Holmqvist’s writing is deceptively calm, almost tender, which makes the horror all the more powerful. This isn’t a bloody dystopia; it’s a beautifully polite one. A world that convinces people that their sacrifice is patriotic and altruistic.


I couldn’t put it down. The Unit reminded me of The Handmaid’s Tale and Never Let Me Go, but it stands on its own, and it’s quietly devastating, especially the passages about Dorrit and her dog. Those moments of love and connection in such a sterile, controlled world nearly broke my heart.


Yes, it’s depressing. But it’s also gorgeous. The prose hums with humanity even as the story strips it away. I thought I knew how it would end, and then Holmqvist surprised me in the best, most gut-wrenching way.


I finished it on a plane, somewhere between time zones, eyes blurry and chest tight. When I landed, I couldn’t shake it. I’ll read it again, not just for the story but for the way it makes me feel and for the questions it won’t stop asking.
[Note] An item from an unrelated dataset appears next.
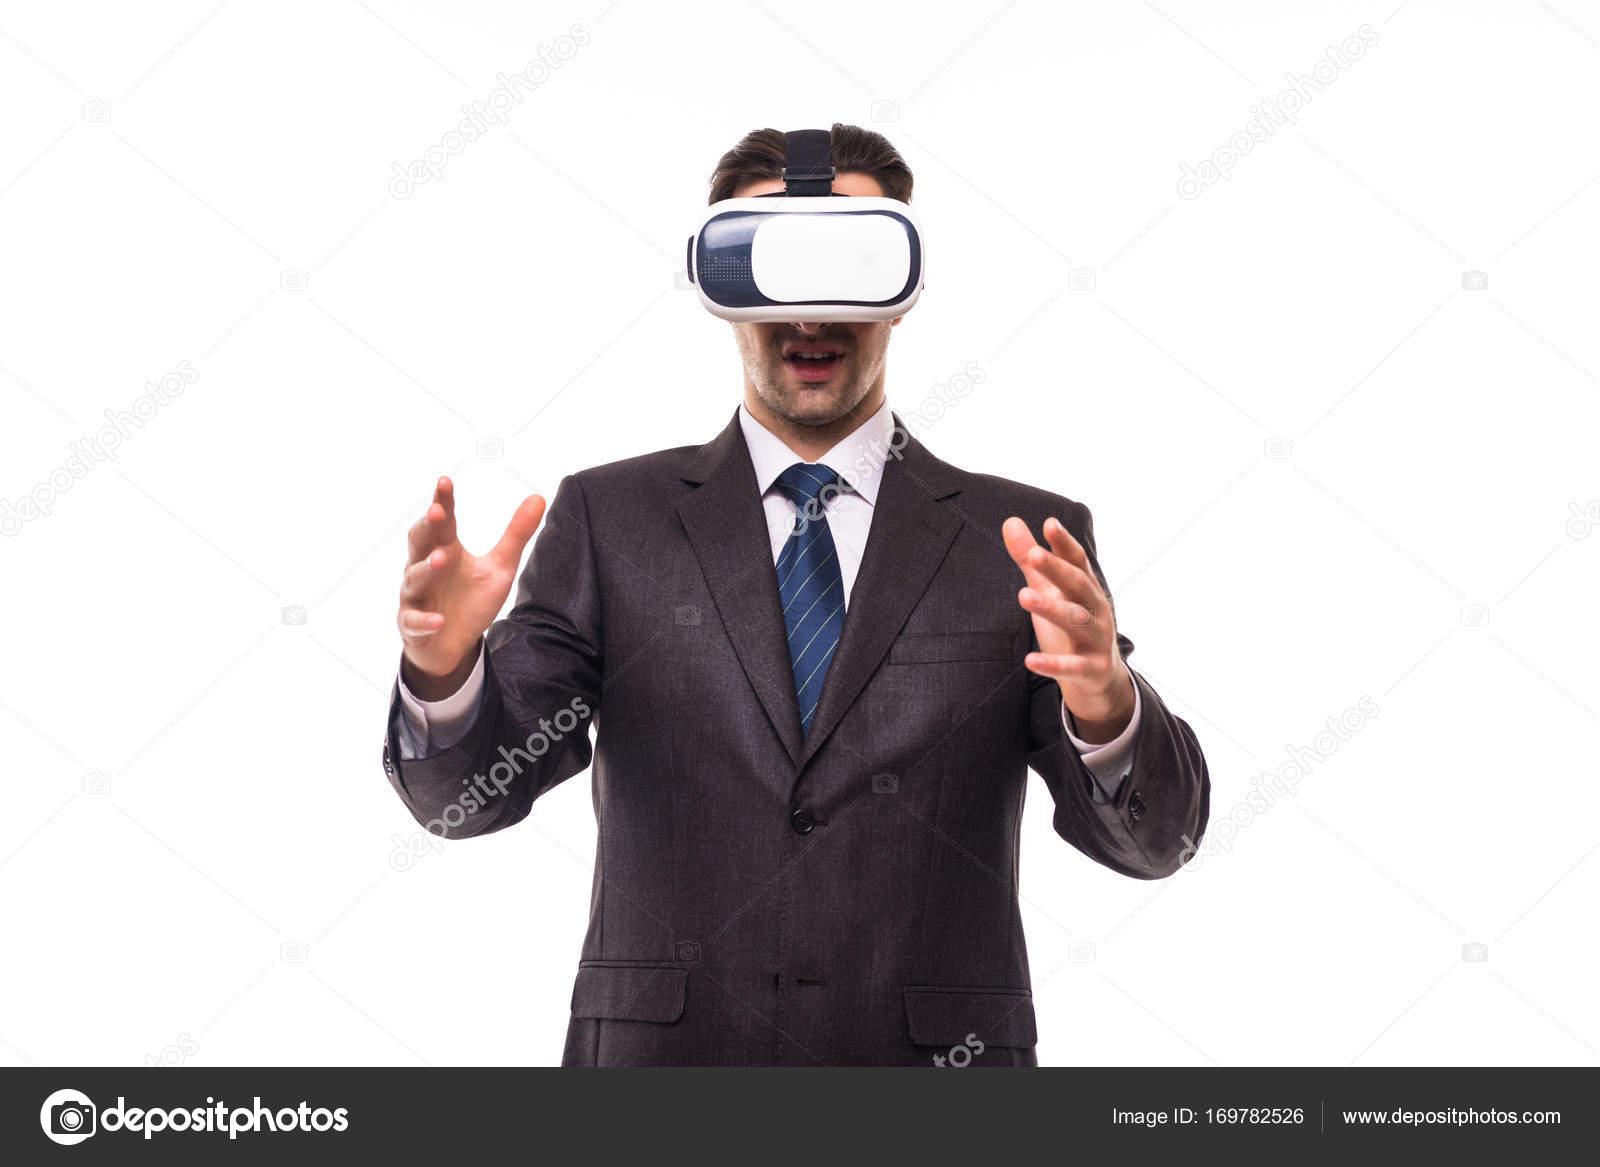 dcc419de2e Tecnología de visión 3D, gafas de realidad virtual. Persona del sexo  masculino en traje

Because that’s what The Unit really does: it makes you wonder about what we owe to each other, and what it means to matter in a world that measures worth in usefulness.

If you’re in the mood for something beautiful, thought-provoking, and a little bit devastating, this one’s for you.


⭐️⭐️⭐️⭐️⭐️ / 5 – Haunting, elegant, and unforgettable. Holmqvist’s quiet dystopia doesn’t scream its message; it whispers it with devastating precision.


If You Liked the Unit, Try ...

  • Never Let Me Go by Kazuo Ishiguro – Another quiet masterpiece about love, loss, and what it means to be human in a world that sees people as parts.

  • Klara and the Sun by Kazuo Ishiguro – A tender, strange, and luminous story told from the point of view of an Artificial Friend who longs to understand love.

  • Unwind by Neal Shusterman A young adult classic that asks what happens when society decides unwanted teens can be “unwound” for their organs. It’s faster-paced and darker in tone, but it explores the same deep questions about choice, value, and humanity.

  • The Power by Naomi Alderman – If you want your dystopia with more voltage—literally—this one flips gender roles and asks who really deserves power.